I'd like the data beneath this line reproduced exactly, without any of its images.

» **RECORDED INFORMATION**:
[Start of section]

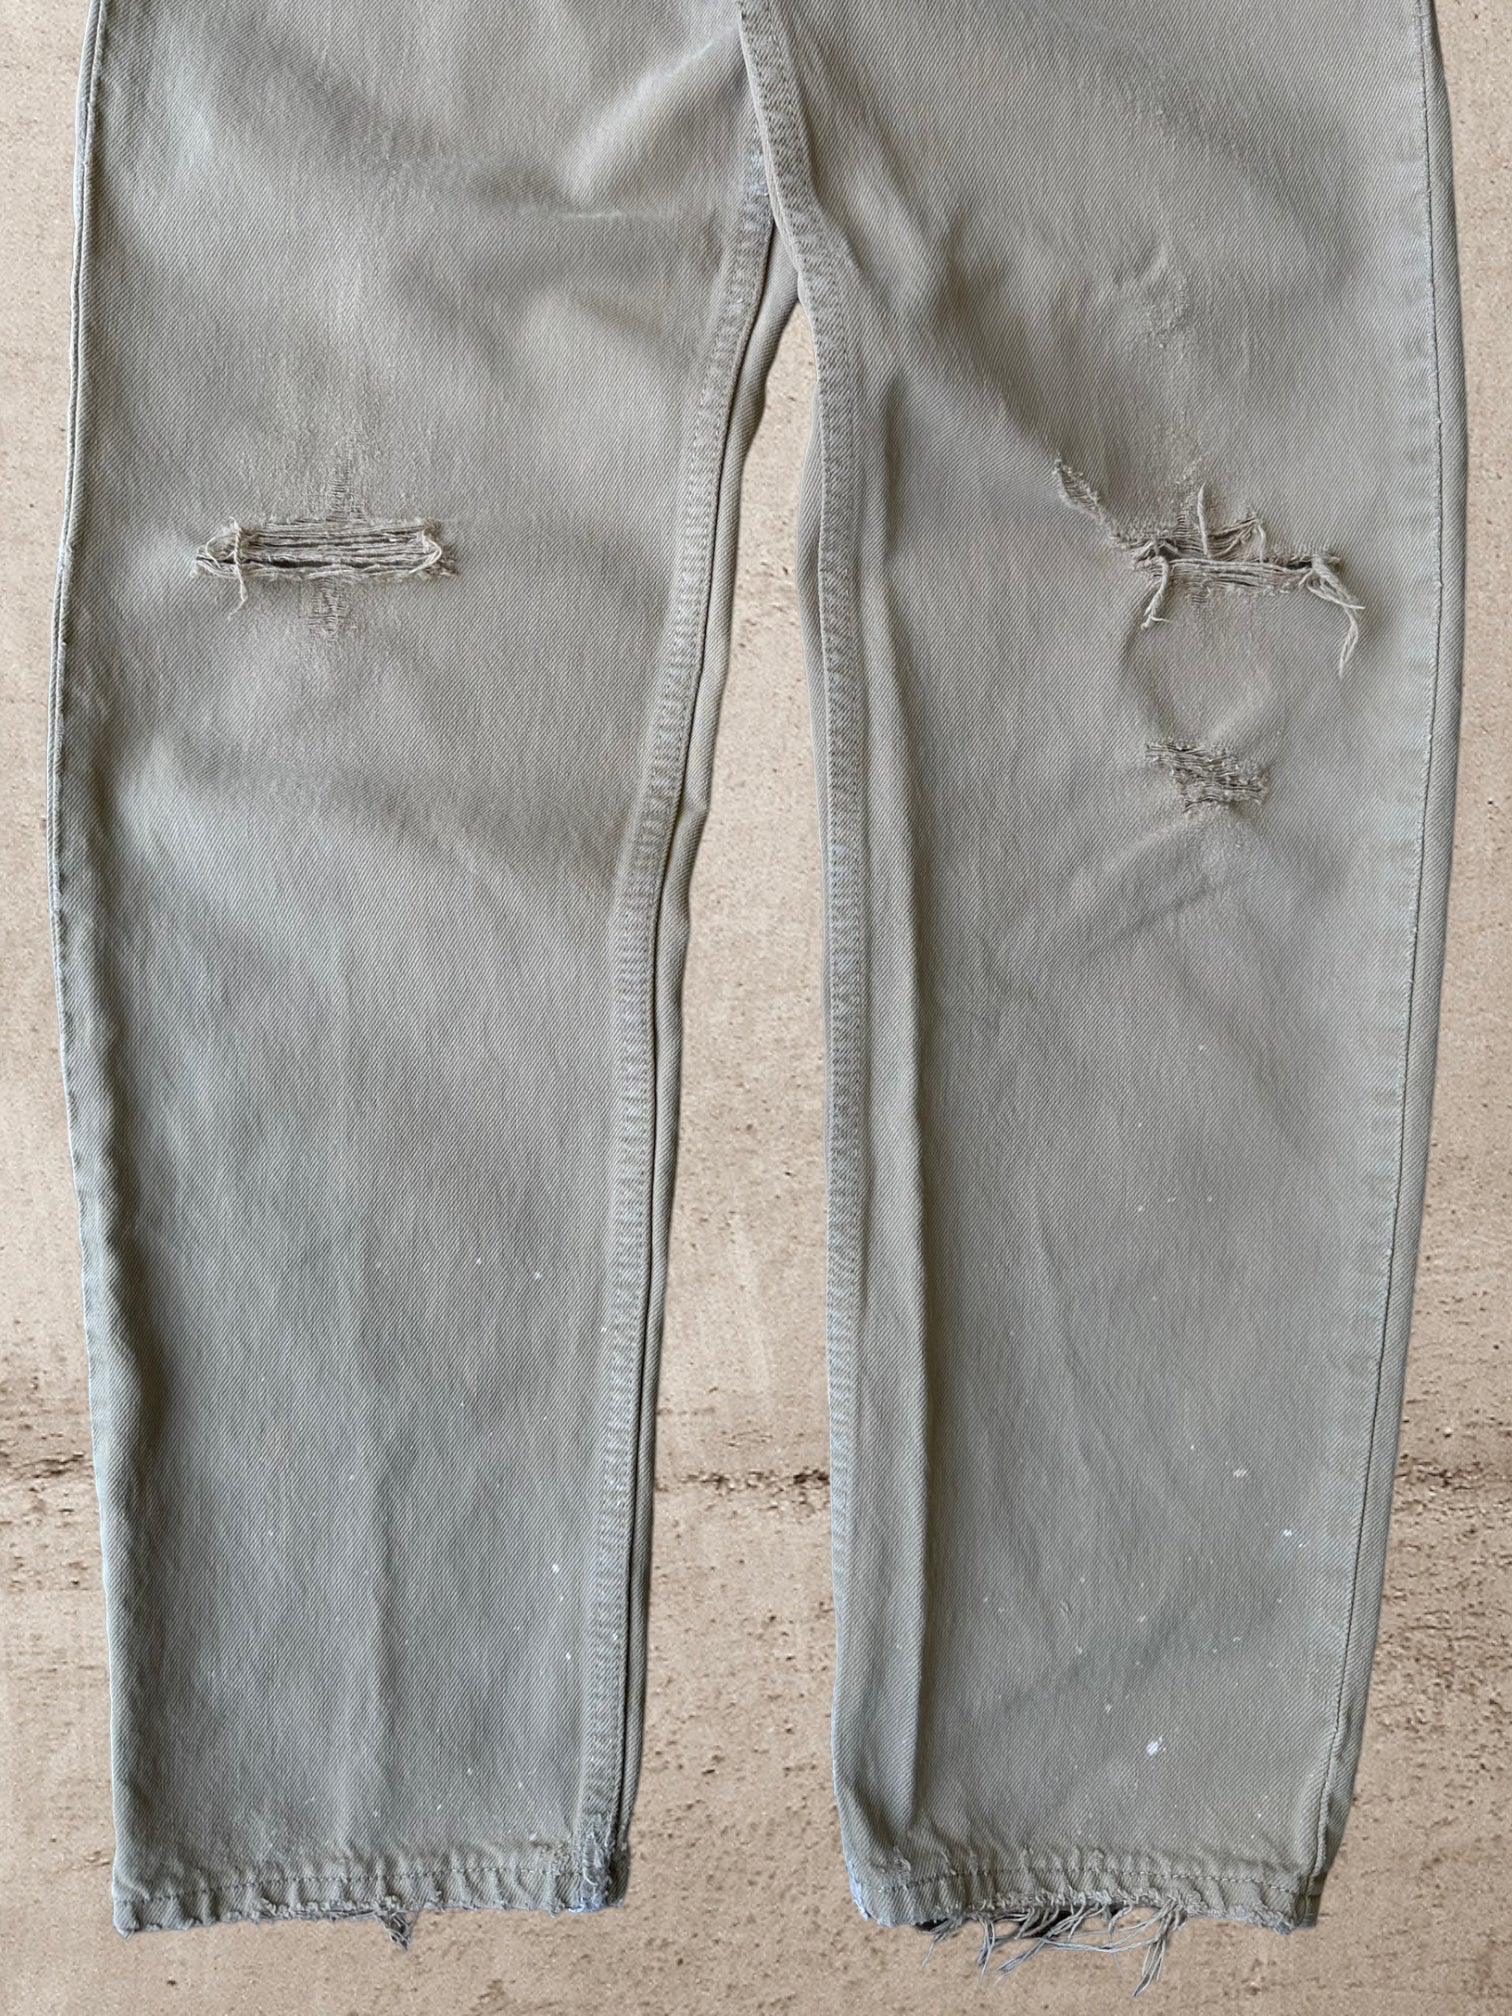 Vintage Levi 550 Tan Jeans - 30x31
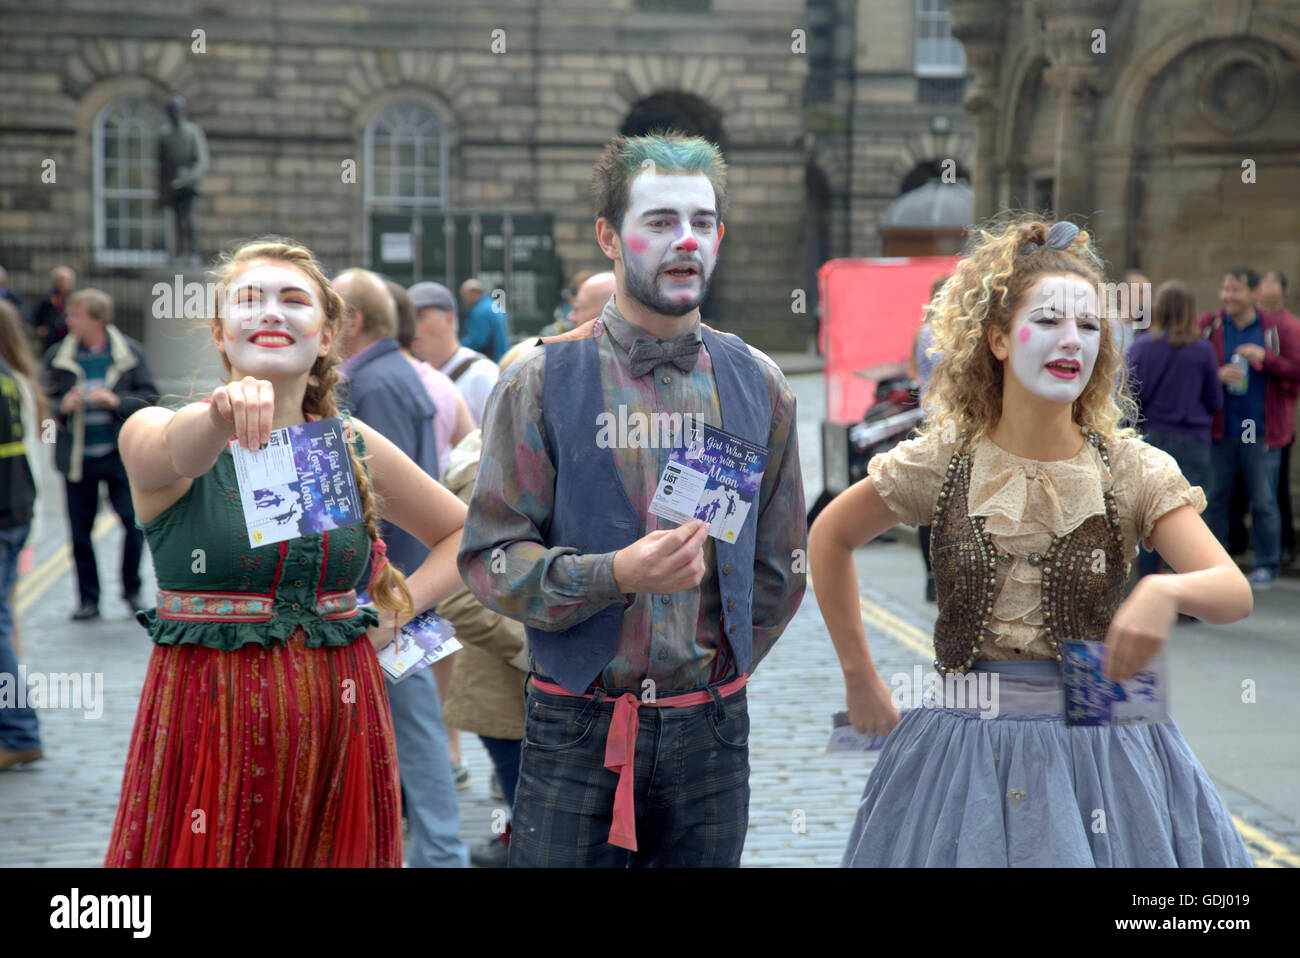 Esecutori di scene dal Edinburgh Festival Fringe vergine sponsorizzato street festival di Edimburgo, Scozia " la ragazza che si innamorò della luna" Foto Stock
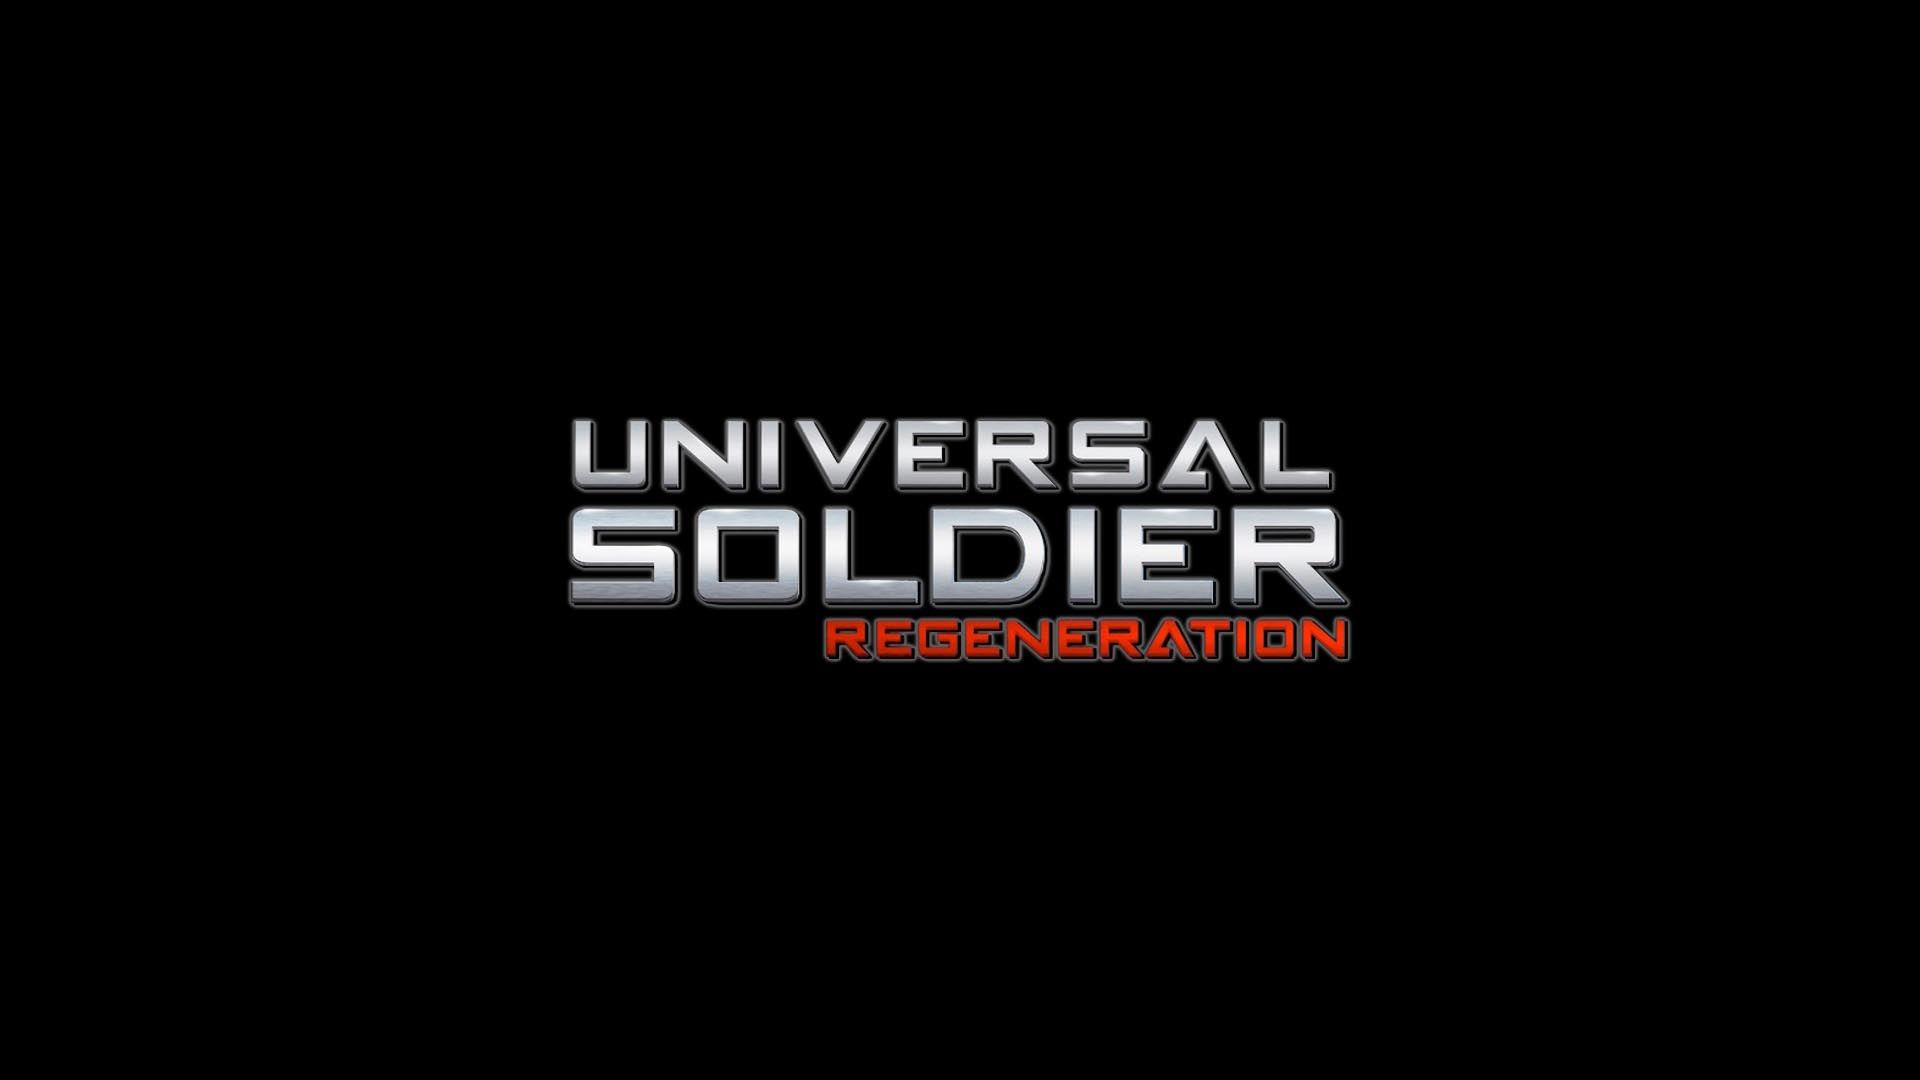 Movie Universal Soldier Regeneration Wallpaper:1920x1080
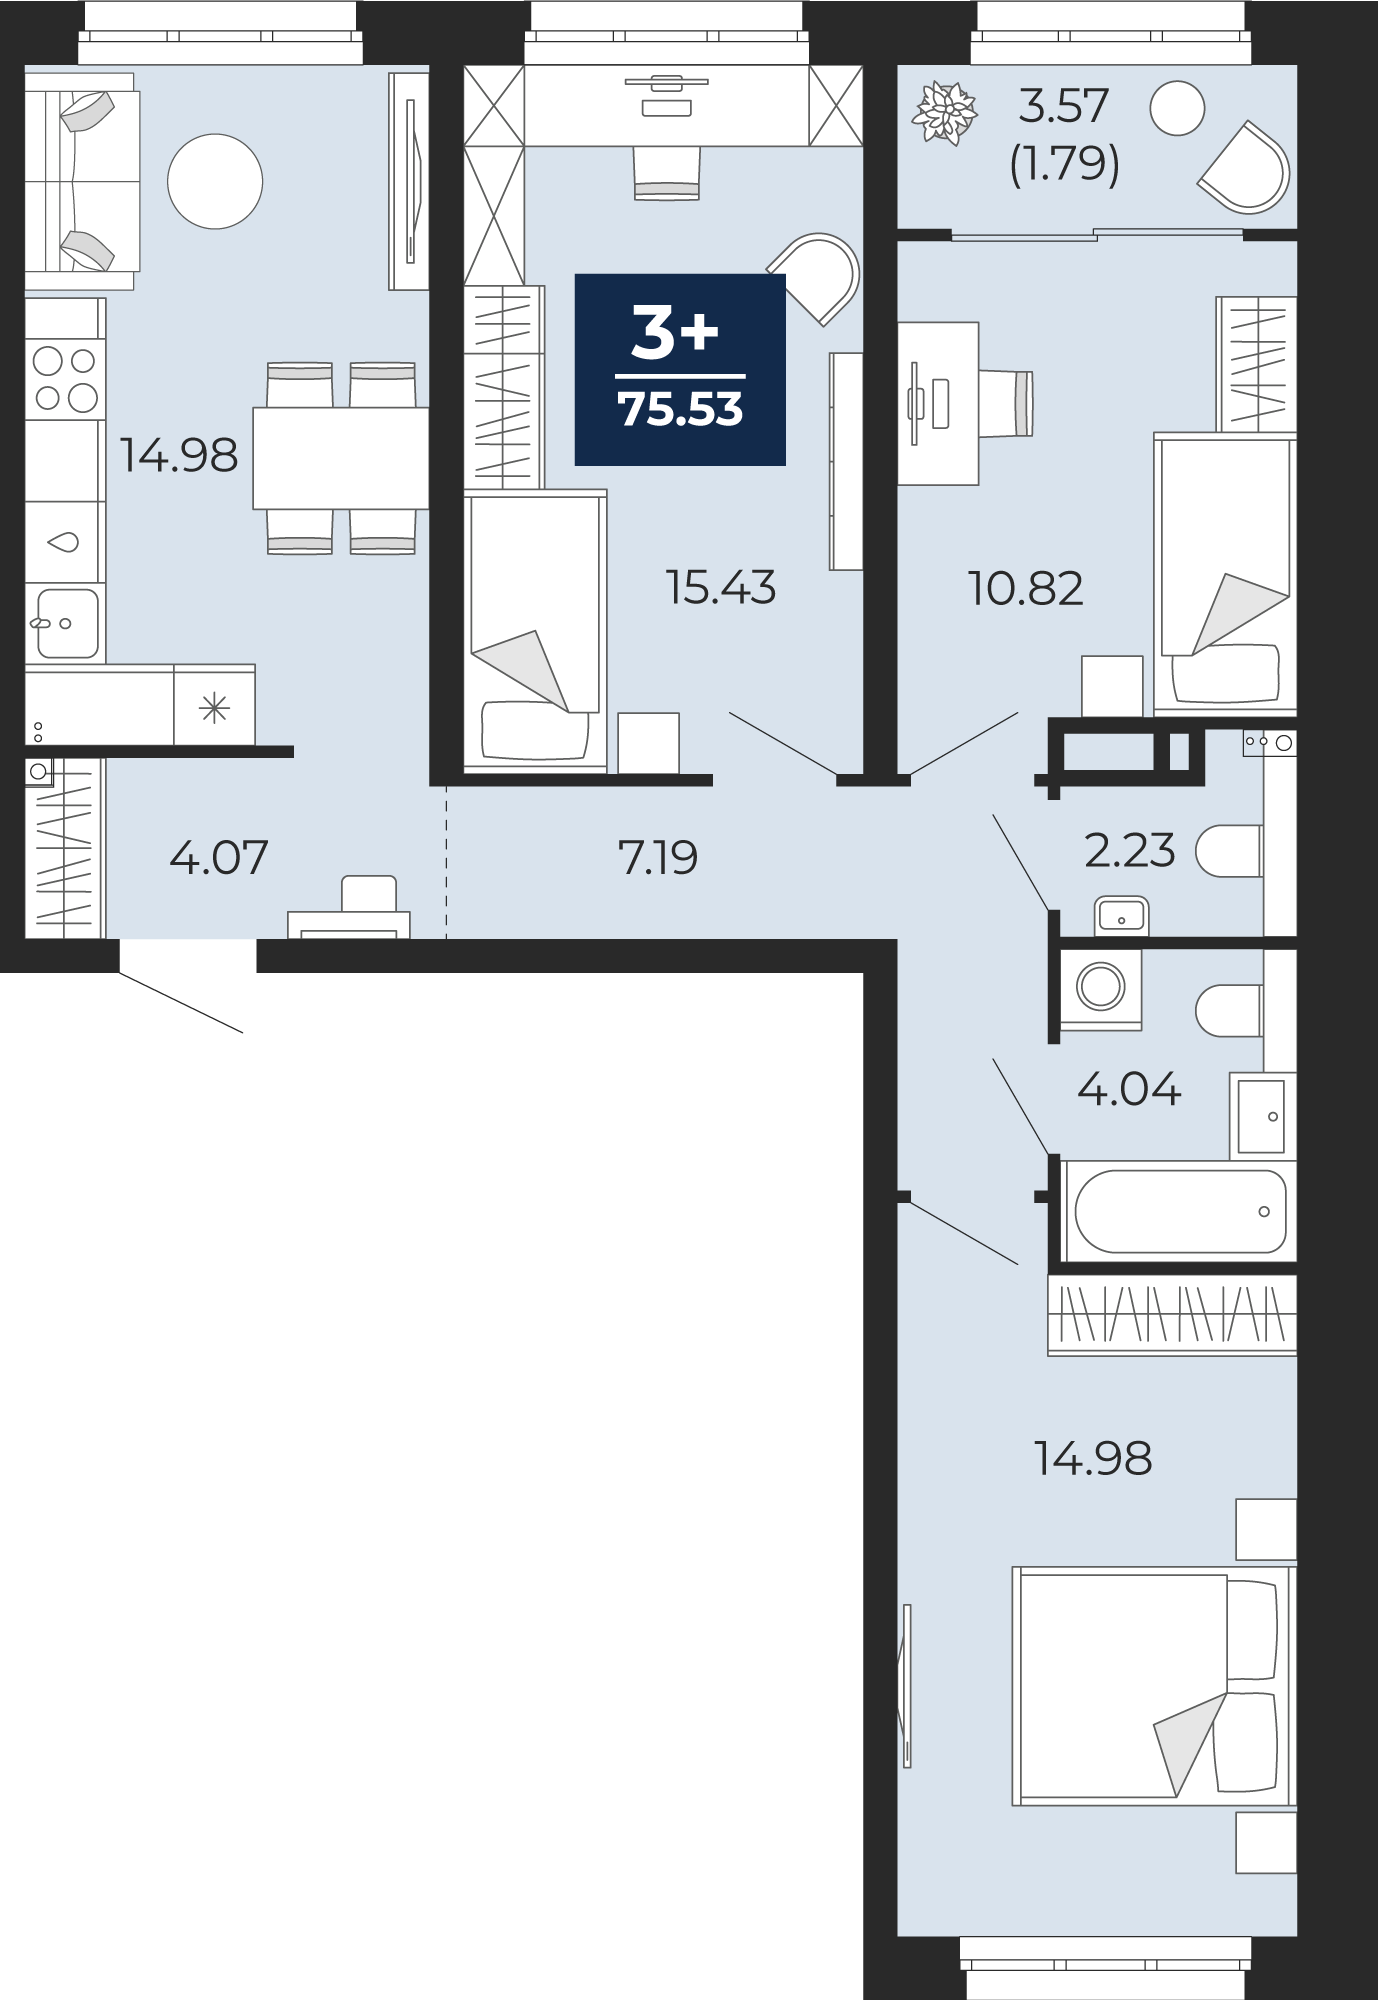 Квартира № 53, 3-комнатная, 75.53 кв. м, 12 этаж

[End of section]

» **TASK SOLUTION**:
 Vintage Levi 550 Tan Jeans - 30x31
 Esecutori di scene dal Edinburgh Festival Fringe vergine sponsorizzato street festival di Edimburgo, Scozia " la ragazza che si innamorò della luna" Foto Stock
 Movie Universal Soldier Regeneration Wallpaper:1920x1080
 Квартира № 53, 3-комнатная, 75.53 кв. м, 12 этаж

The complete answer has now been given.